» DESCRIPTION OF THE TASK
Quote exactly and only this range of lines in the data below: the line that holds "Isole Egadi vacanza tra sole mare e cultura" to the line that holds "Wicanders Vinylcomfort - Der", both included.

» MATERIAL FOR THIS EXERCISE
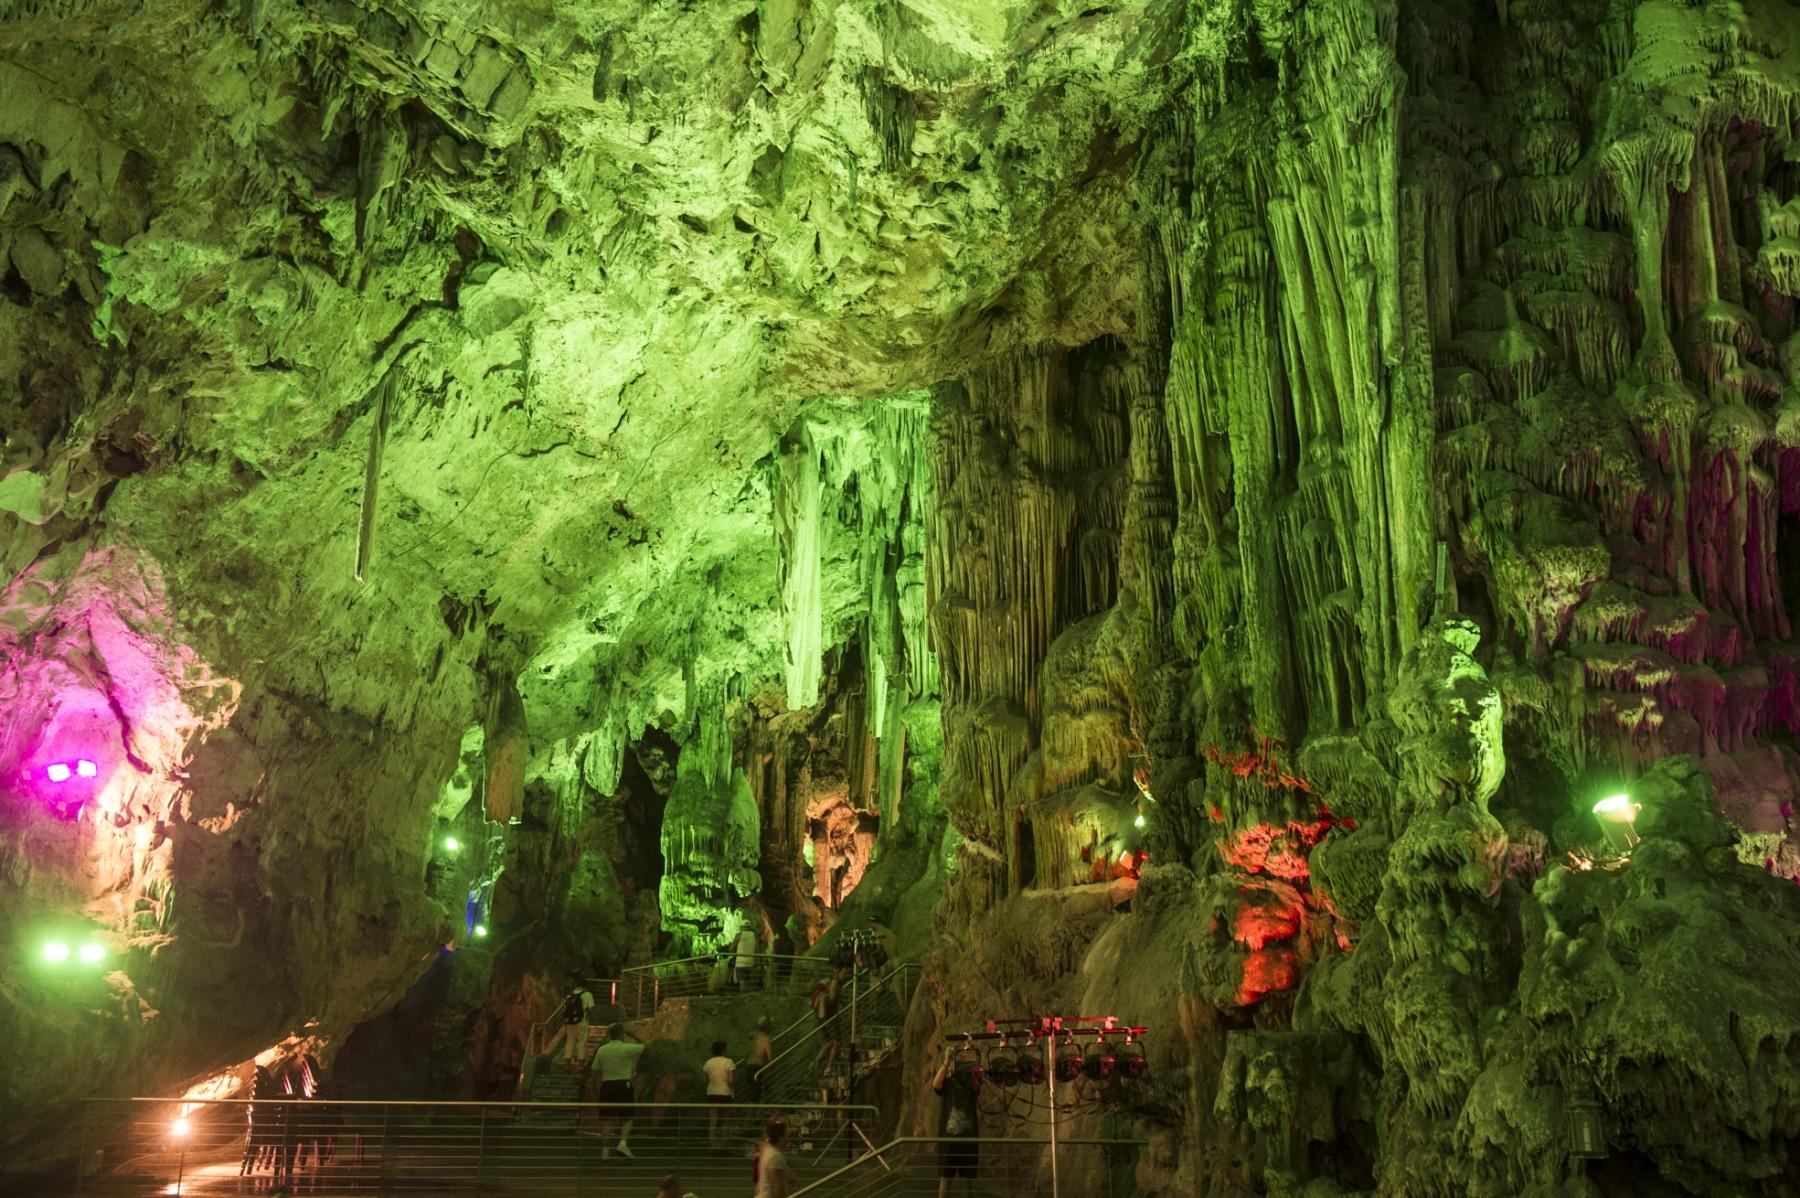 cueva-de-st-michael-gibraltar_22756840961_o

--

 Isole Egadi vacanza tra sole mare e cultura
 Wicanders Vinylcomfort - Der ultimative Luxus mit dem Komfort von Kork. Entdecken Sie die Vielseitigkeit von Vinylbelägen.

» TASK ANSWER
 Isole Egadi vacanza tra sole mare e cultura
 Wicanders Vinylcomfort - Der ultimative Luxus mit dem Komfort von Kork. Entdecken Sie die Vielseitigkeit von Vinylbelägen.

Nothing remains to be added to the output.